Linear discriminant analysis (LDA) has been a useful tool in pattern recognition and data analysis research and practice. While linearity of class boundaries cannot always be expected, nonlinear projections through pre-trained deep neural networks have served to map complex data onto feature spaces in which linear discrimination has served well. The solution to binary LDA is obtained by eigenvalue analysis of within-class and between-class scatter matrices. It is well known that the multiclass LDA is solved by an extension to the binary LDA, a generalised eigenvalue problem, from which the largest subspace that can be extracted is of dimension one lower than the number of classes in the given problem. In this paper, we show that, apart from the first of the discriminant directions, the generalised eigenanalysis solution to multiclass LDA does neither yield orthogonal discriminant directions nor maximise discrimination of projected data along them. Surprisingly, to the best of our knowledge, this has not been noted in decades of literature on LDA. To overcome this drawback, we present a derivation with a strict theoretical support for sequentially obtaining discriminant directions that are orthogonal to previously computed ones and maximise in each step the Fisher criterion. We show distributions of projections along these axes and demonstrate that discrimination of data projected onto these discriminant directions has optimal separation, which is much higher than those from the generalised eigenvectors of the multiclass LDA. Using a wide range of benchmark tasks, we present a comprehensive empirical demonstration that on a number of pattern recognition and classification problems, the optimal discriminant subspaces obtained by the proposed method, referred to as GO-LDA (Generalised Optimal LDA), can offer superior accuracy.
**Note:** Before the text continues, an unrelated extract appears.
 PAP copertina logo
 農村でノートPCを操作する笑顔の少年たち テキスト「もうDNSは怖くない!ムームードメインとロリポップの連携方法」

翻译：线性判别分析（LDA）一直是模式识别与数据分析研究及实践中行之有效的工具。虽然类别边界的线性特征并非总能得到保证，但通过预训练深度神经网络实现的非线性投影，可将复杂数据映射到便于线性判别的特征空间。二元LDA的解可通过类内散度矩阵与类间散度矩阵的特征值分析获得。众所周知，多类LDA通过将二元LDA扩展为广义特征值问题求解，其最大可提取子空间的维数比给定问题中的类别数少一。本文表明，除第一个判别方向外，多类LDA的广义特征分析解既不能产生正交的判别方向，也不能最大化投影数据沿这些方向的判别能力。令人惊讶的是，据我们所知，这一缺陷在数十年的LDA文献中未被注意到。为克服此缺陷，我们提出一种具有严格理论支持的推导方法，可顺序获取与先前计算方向正交且在每一步最大化Fisher准则的判别方向。我们展示了沿这些轴的投影分布，并证明投影到这些判别方向上的数据具有最优分离度，其分离效果远优于多类LDA的广义特征向量。通过广泛的基准任务，我们综合性地实证表明：在诸多模式识别与分类问题中，由所提方法（称为GO-LDA，即广义最优LDA）获得的最优判别子空间能够提供更优的分类准确率。